*WORK TO COMPLETE*:
Write out the listing from the line with "Reservar Sopar Cap" to the line with "Український - в", both lines included, exactly and nothing beyond. Leave pictures out.

*STORED DATA*:
+---+

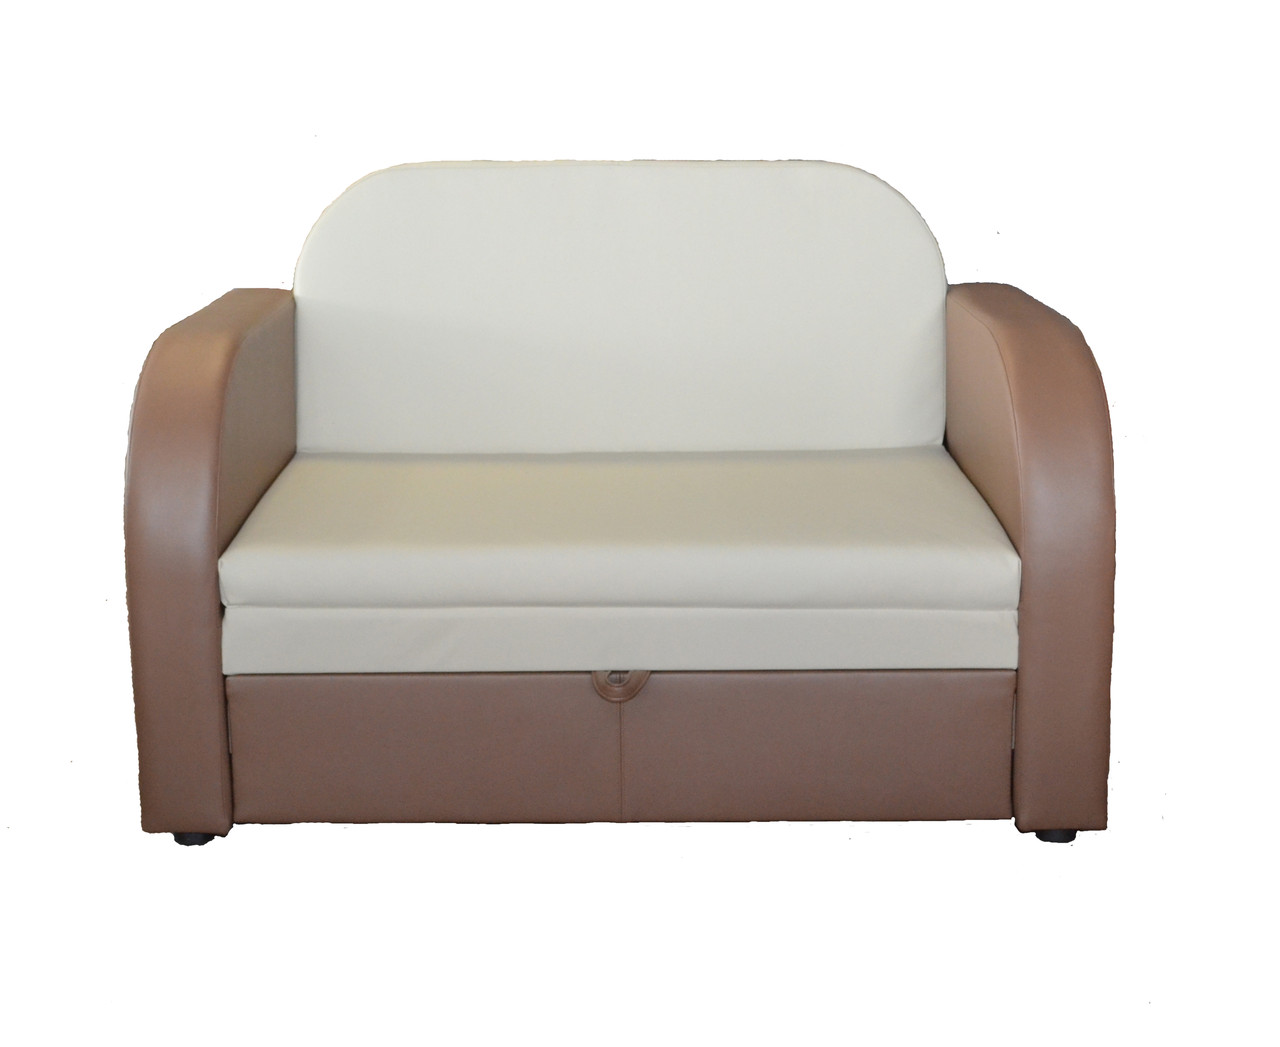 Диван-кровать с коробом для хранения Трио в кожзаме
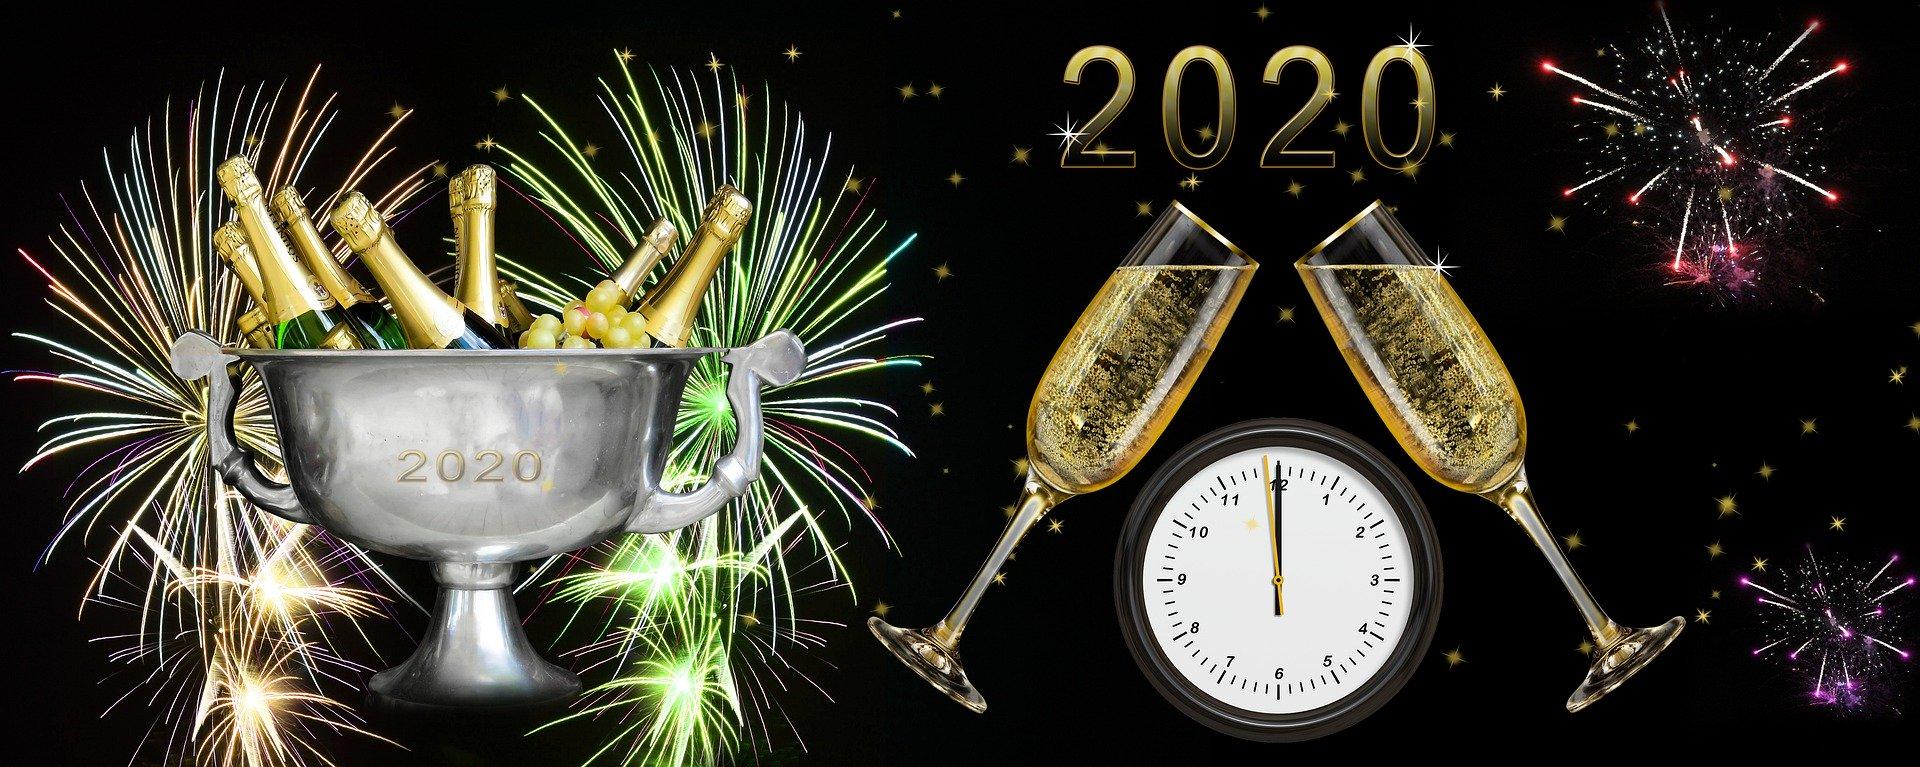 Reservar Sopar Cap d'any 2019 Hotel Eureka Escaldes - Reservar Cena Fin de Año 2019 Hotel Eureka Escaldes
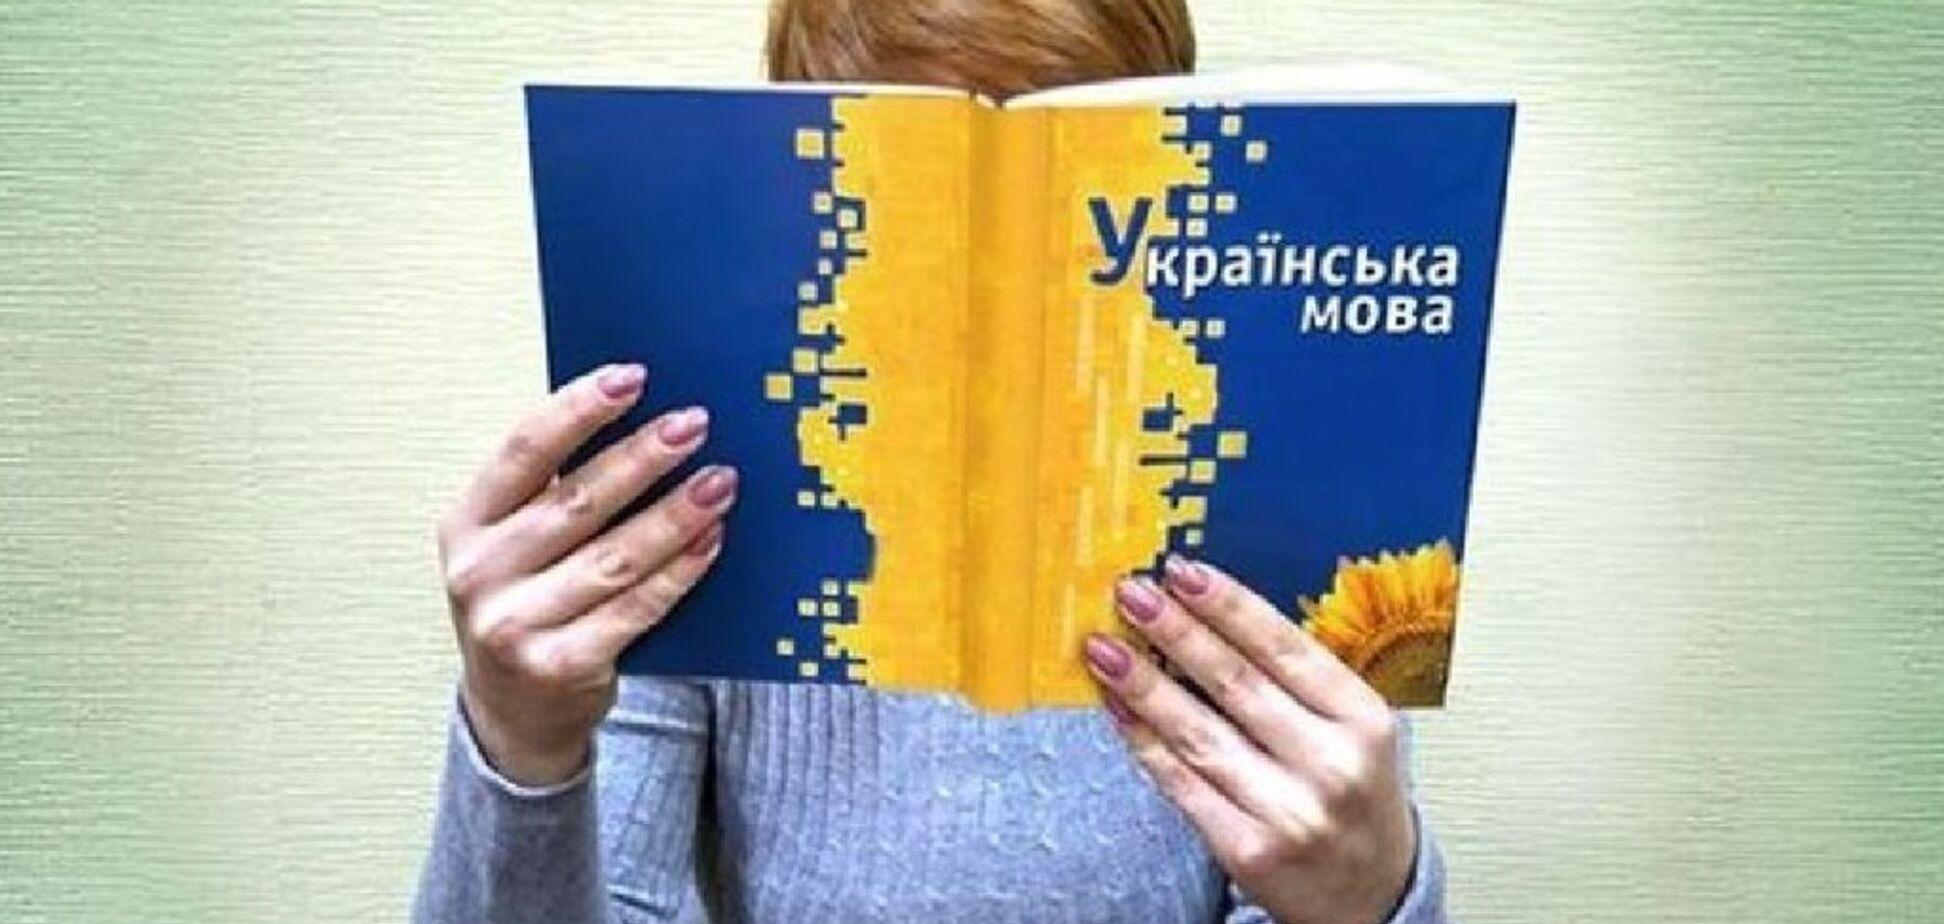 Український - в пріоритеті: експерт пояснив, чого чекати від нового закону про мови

+---+

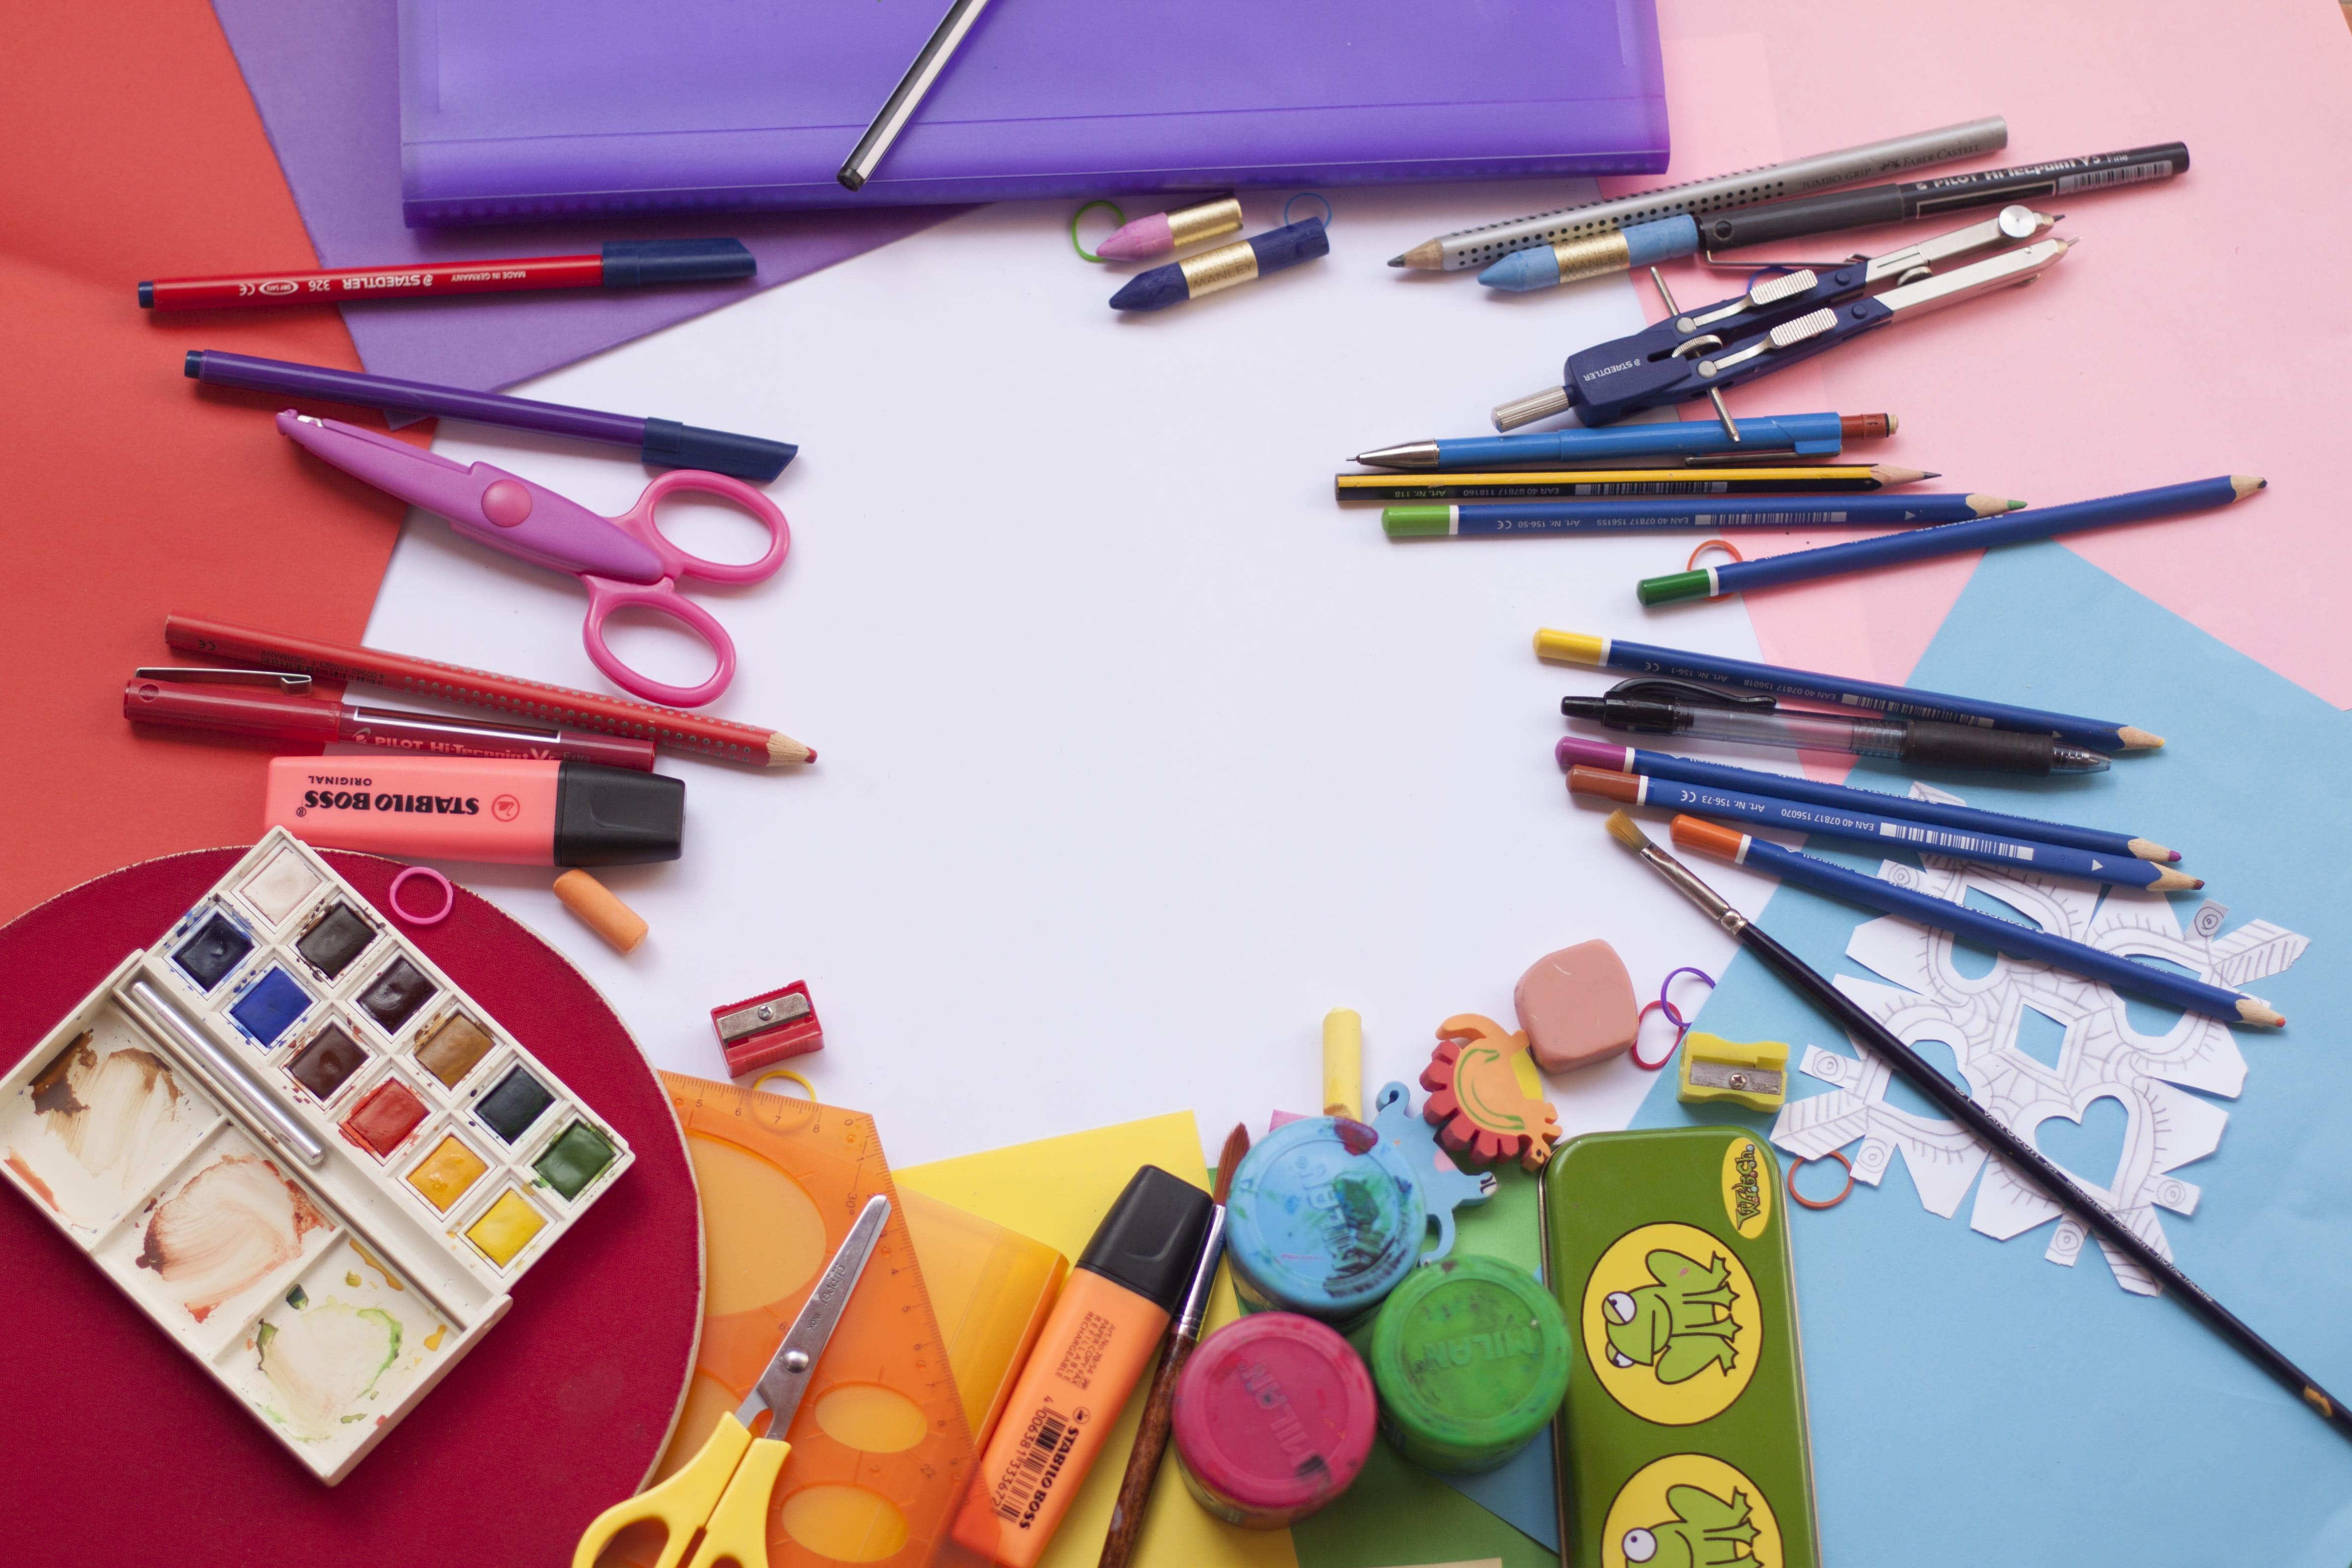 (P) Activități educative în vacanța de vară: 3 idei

+---+

*EXERCISE SOLUTION*:
 Reservar Sopar Cap d'any 2019 Hotel Eureka Escaldes - Reservar Cena Fin de Año 2019 Hotel Eureka Escaldes
 Український - в пріоритеті: експерт пояснив, чого чекати від нового закону про мови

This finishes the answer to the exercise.